Cultural lesson one: I don't care if that's offensive. To me, I was being fair. I didn't say her class was bad, I didn't say it was great either. I did mention the fourth and sixth grades were good. I imagine in Japan I probably said her class was bad by not saying anything at all about it, when really I just had a neutral reaction to her neutralized classroom. So no complaints, and no compliments. I just don't always have that ability to go around like freakin Mary Poppins to everyone.

(Although Ben is right, as usual. In the nation of cuteness and delight, I am at my glowingest).


Actually I really do have to write about all the cuteness and delight stuff here at some point. It's both sweet and ridiculous at the same time. I think the two favorite English words the Japanese like to use (in completely weird ways too) are 'together' and 'enjoy'. Let's enjoy soccer together. Let's sukiyaki together. Happy together. So happy together! and on and on and on and on....

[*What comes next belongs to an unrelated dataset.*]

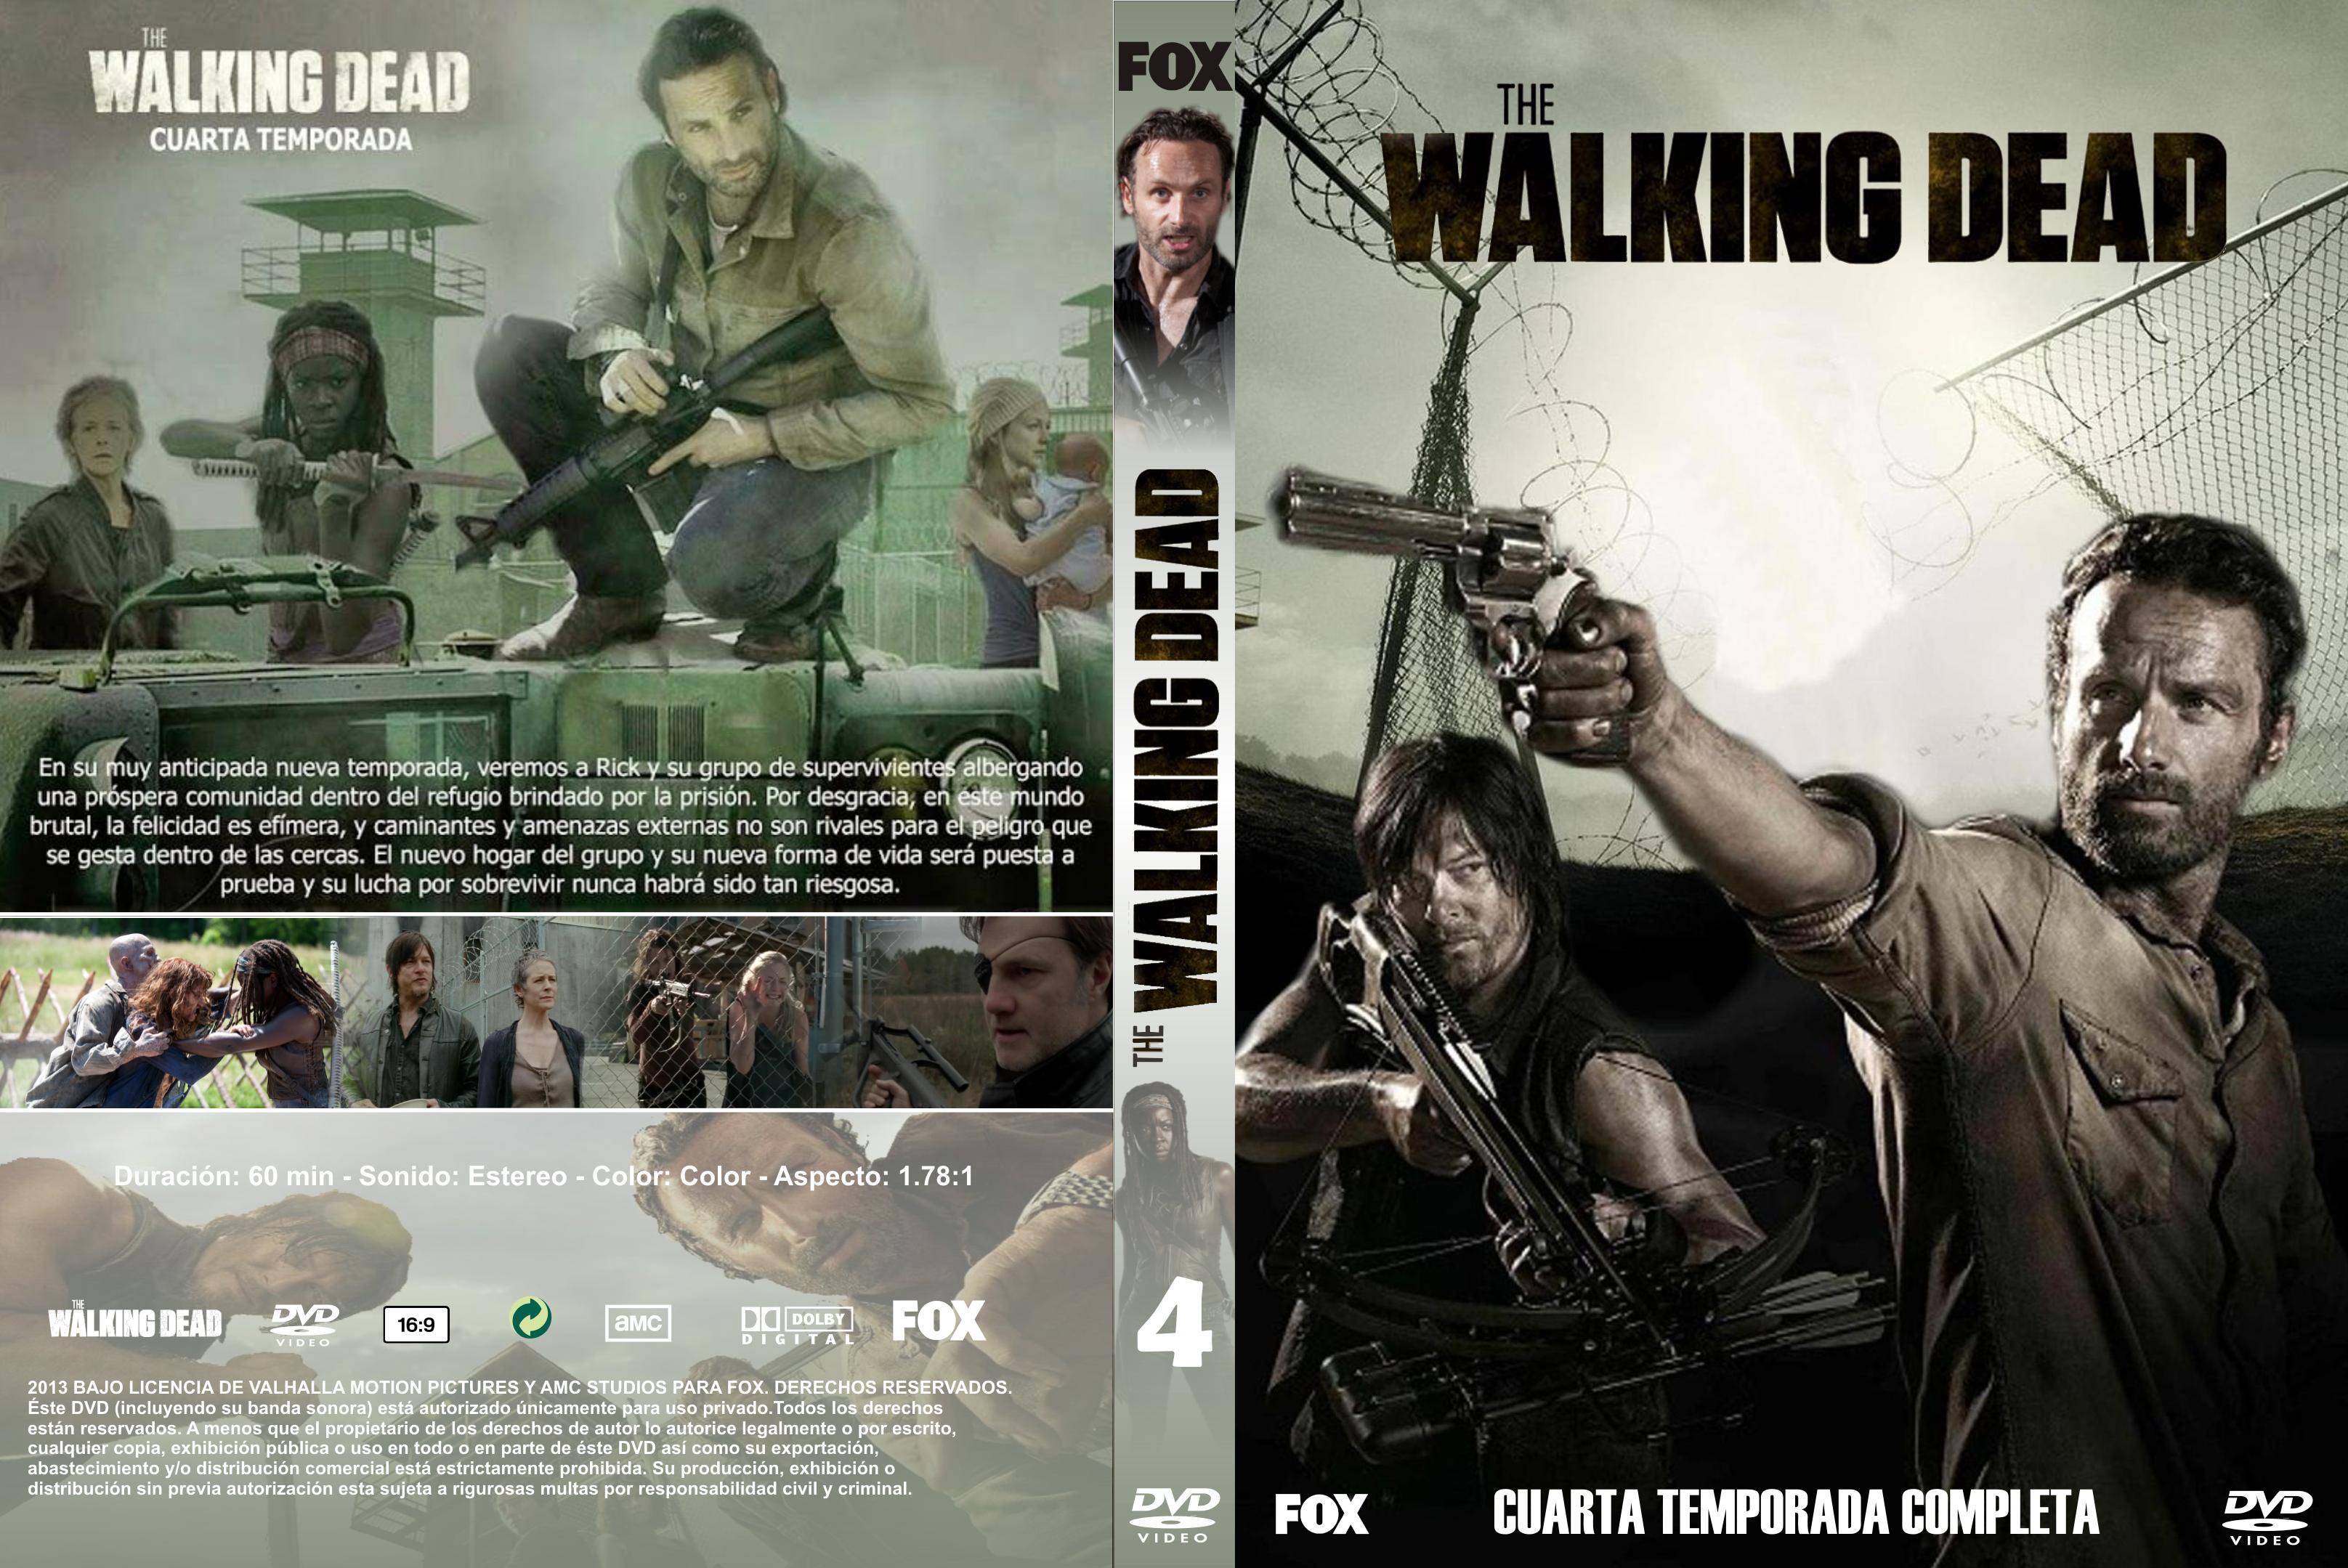 Pictures of The Walking Dead - www.kidskunst.info

Anonymous Anonymous said...

Congratulations on the story in The Third Alternative. Just a bit of teacher "mom" feelings. A teacher always likes to hear how good their class is, if in America or Japan.My guess is Hiromi doesn't want to hear that "any" Japanese class is "bad", or doesn't measure up.Cultures are much different and she may have taken offense to your comments about that elementary school more than the second grade teacher. It probably is a woman thing.:) Email you soon. Love, Mom

11:46 PM  
Blogger Christopher Barzak said...

Nope, Mom, you're wrong on this one. Not a woman thing. Miyamoto sensei and I were fine. This is just Hiromi. She's the Emily Post of Japanese manners, many of which seem antiquated even to the Japanese.

12:49 AM  
Blogger Christopher Barzak said...

Also, my words aren't any good if I tell people things I don't mean, so I won't tell people things I don't really mean, just to grease their wheels, and that's anywhere, in America or Japan.

12:50 AM  
Anonymous Anonymous said...

I always have this problem in Switzerland. The Swiss get the silver after Japan's gold in the Politeness Olympics, and it used to drive me crazy that people wouldn't just come out and say what they mean. They speak in a lot of allusion and euphemism. A lot of that "oh no, I couldn't possibly", which means, "ask me a couple more times and I will". Or, "thanks so much for cooking", meaning "this isn't really edible".

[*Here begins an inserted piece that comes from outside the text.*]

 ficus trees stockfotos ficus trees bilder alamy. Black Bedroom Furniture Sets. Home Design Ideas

For a long while I would rage about how nobody was being honest and human relationships were impossible and must be strained and frigid if no one was honest with each other, etc.

Eventually I learned that it's just like a cultural volume button. The Swiss are being perfectly candid when they talk like this. Everyone knows what they mean. They're just communicating it in Swiss cultural language. I have to turn up the gain when I'm in Switzerland, and turn my own volume down.